* _What is needed_:
Among the lines below, return each one that contains the word "island".

* _Given records_:
━━━━━━━━━━━━━━━━━━━━

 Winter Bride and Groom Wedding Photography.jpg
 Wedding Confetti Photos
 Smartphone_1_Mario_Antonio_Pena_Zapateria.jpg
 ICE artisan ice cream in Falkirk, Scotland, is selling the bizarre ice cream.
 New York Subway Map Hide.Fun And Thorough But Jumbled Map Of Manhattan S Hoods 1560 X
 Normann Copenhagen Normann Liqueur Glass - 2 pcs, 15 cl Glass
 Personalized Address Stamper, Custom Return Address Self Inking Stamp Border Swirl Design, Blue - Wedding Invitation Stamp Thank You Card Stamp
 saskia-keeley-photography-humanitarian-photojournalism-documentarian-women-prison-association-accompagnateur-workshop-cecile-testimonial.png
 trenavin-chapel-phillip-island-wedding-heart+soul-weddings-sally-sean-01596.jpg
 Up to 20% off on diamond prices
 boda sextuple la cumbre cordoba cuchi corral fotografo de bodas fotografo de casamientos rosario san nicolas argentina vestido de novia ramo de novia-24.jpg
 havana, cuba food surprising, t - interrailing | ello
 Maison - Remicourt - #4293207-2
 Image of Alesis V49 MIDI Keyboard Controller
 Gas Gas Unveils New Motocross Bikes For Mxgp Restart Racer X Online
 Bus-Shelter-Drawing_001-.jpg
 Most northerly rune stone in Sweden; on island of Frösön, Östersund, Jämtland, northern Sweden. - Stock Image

━━━━━━━━━━━━━━━━━━━━

* _Solution to this problem_:
 trenavin-chapel-phillip-island-wedding-heart+soul-weddings-sally-sean-01596.jpg
 Most northerly rune stone in Sweden; on island of Frösön, Östersund, Jämtland, northern Sweden. - Stock Image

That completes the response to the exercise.